Ruparel Raaj K, Laack Torrey A, Brahmbhatt Rushin D, Rowse Phillip G, Aho Johnathon M, AlJamal Yazan N, Kim Brian D, Morris David S, Farley David R, Campbell Ronna L
Department of Surgery, Mayo Clinic, Rochester, Minnesota.
Department of Emergency Medicine, Mayo Clinic, Rochester, Minnesota.
J Emerg Med. 2017 Jul;53(1):110-115. doi: 10.1016/j.jemermed.2017.02.016. Epub 2017 Apr 11.
Quality-improvement efforts at our institution have identified chest tube dislodgement as a preventable complication of tube thoracostomy. Because proper fixation techniques are not well described in the literature and are seldom formally taught, techniques vary among residents.
Our aim was to develop and test a framework for teaching and assessing chest tube securement.
A repeated-measures study design was used. At baseline, 19 emergency medicine residents (program years 1-3) placed and secured a chest tube in a cadaver. After a 45-min proficiency-based teaching session using a low-cost chest tube simulator (approximate cost, $5), each resident again placed and secured a chest tube in a cadaver, followed by 3-month retention testing. All securements were evaluated by two raters using a four-point checklist and a five-point global assessment scale (GAS). The checklist addressed suture selection, tying knots down to the tube, wound approximation, and tube displacement relative to skin.
After the initial educational intervention, median scores for the group improved significantly over baseline for the GAS (p < 0.001), checklist (p < 0.001), and amount of displacement (p = 0.01). At 3 months, GAS, checklist, and displacement scores did not differ significantly from the immediate post-test scores. Inter-rater reliability was substantial, with weighted κ values of .77 for the GAS and .70 for the checklist.

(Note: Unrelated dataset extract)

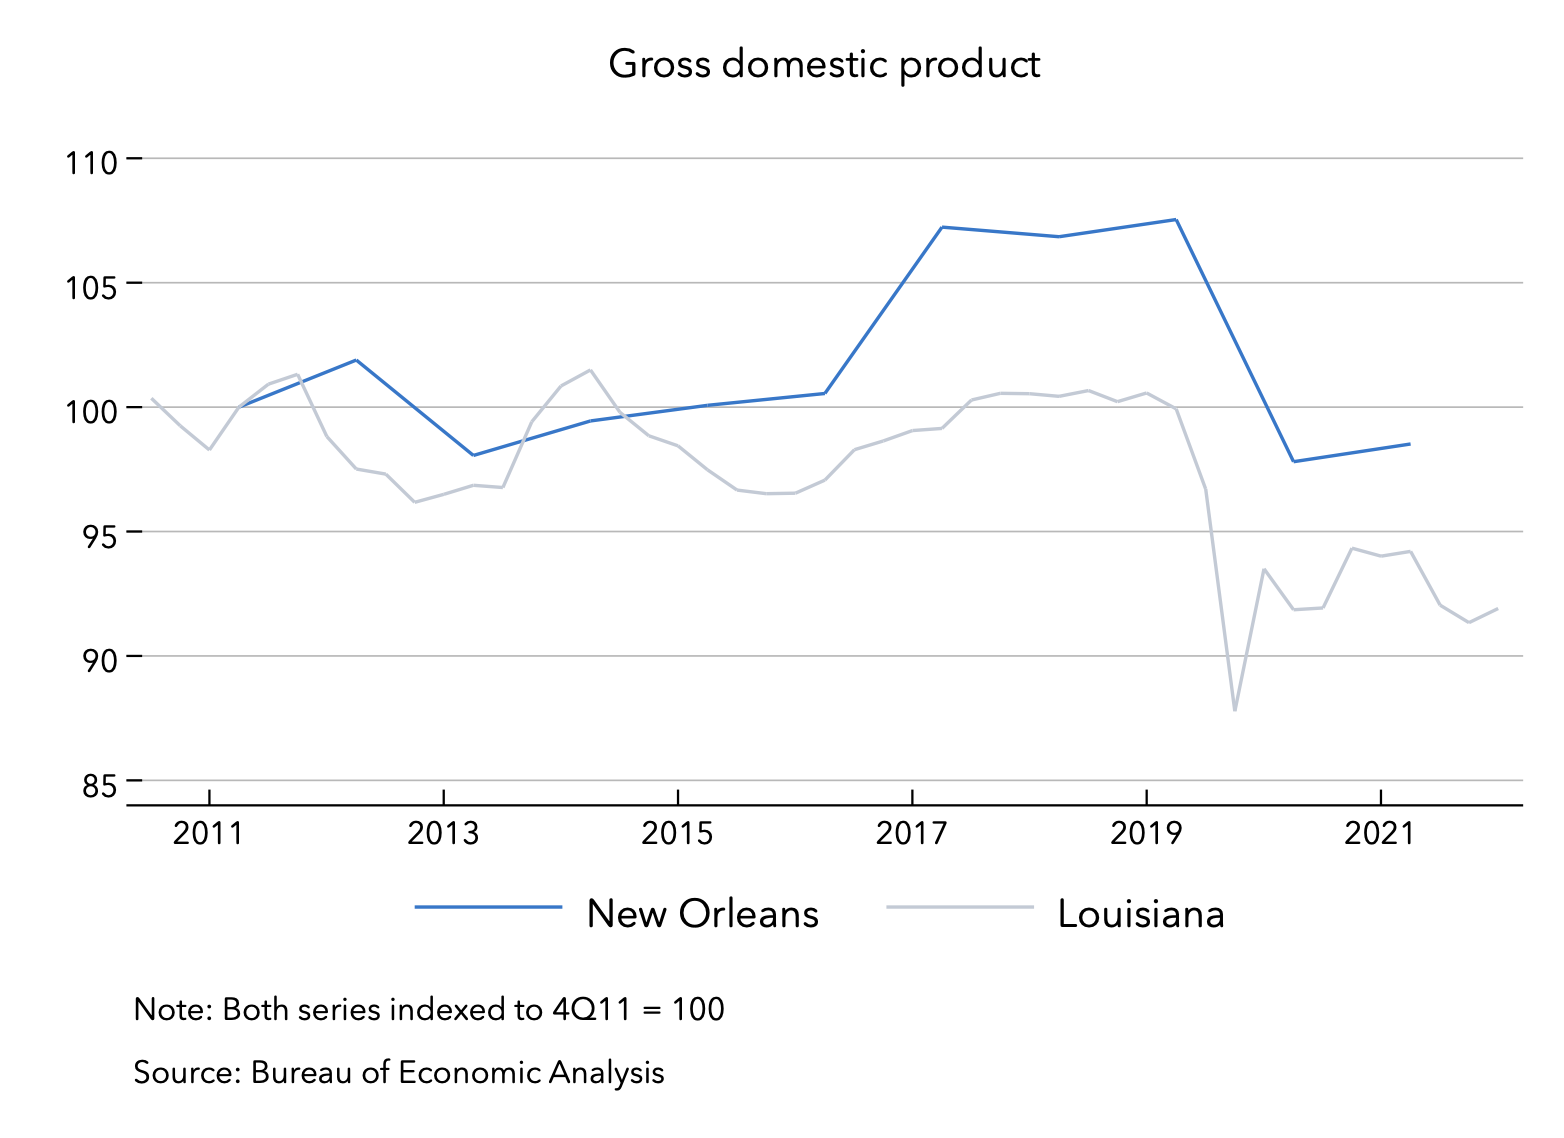 14 Feb 2023 New Orleans gdp

Quality of chest tube securement by emergency medicine residents can be significantly improved with an inexpensive chest tube simulator and a brief workshop. The four-point checklist served as a reliable and effective means for teaching and assessing chest tube securement.
我们机构的质量改进工作已将胸管移位确定为胸腔闭式引流术的一种可预防并发症。由于文献中对正确的固定技术描述不足,且很少进行正式教学,住院医师之间的技术存在差异。
我们的目标是开发并测试一种胸管固定的教学和评估框架。
采用重复测量研究设计。在基线时,19名急诊医学住院医师(第1 - 3学年)在一具尸体上放置并固定胸管。在使用低成本胸管模拟器(约5美元)进行45分钟基于熟练度的教学课程后,每位住院医师再次在一具尸体上放置并固定胸管,随后进行3个月的保留测试。所有固定操作由两名评估者使用四点检查表和五点整体评估量表(GAS)进行评估。检查表涉及缝线选择、在胸管上打结、伤口闭合以及胸管相对于皮肤的移位情况。
经过最初的教育干预后,该组在GAS(p < 0.001)、检查表(p < 0.001)和移位量(p = 0.01)方面的中位数得分较基线有显著提高。在3个月时,GAS、检查表和移位得分与即时测试后的得分相比无显著差异。评估者间信度较高,GAS的加权κ值为0.77,检查表的加权κ值为0.70。
使用廉价的胸管模拟器和简短的工作坊可显著提高急诊医学住院医师胸管固定的质量。四点检查表是教学和评估胸管固定的可靠且有效手段。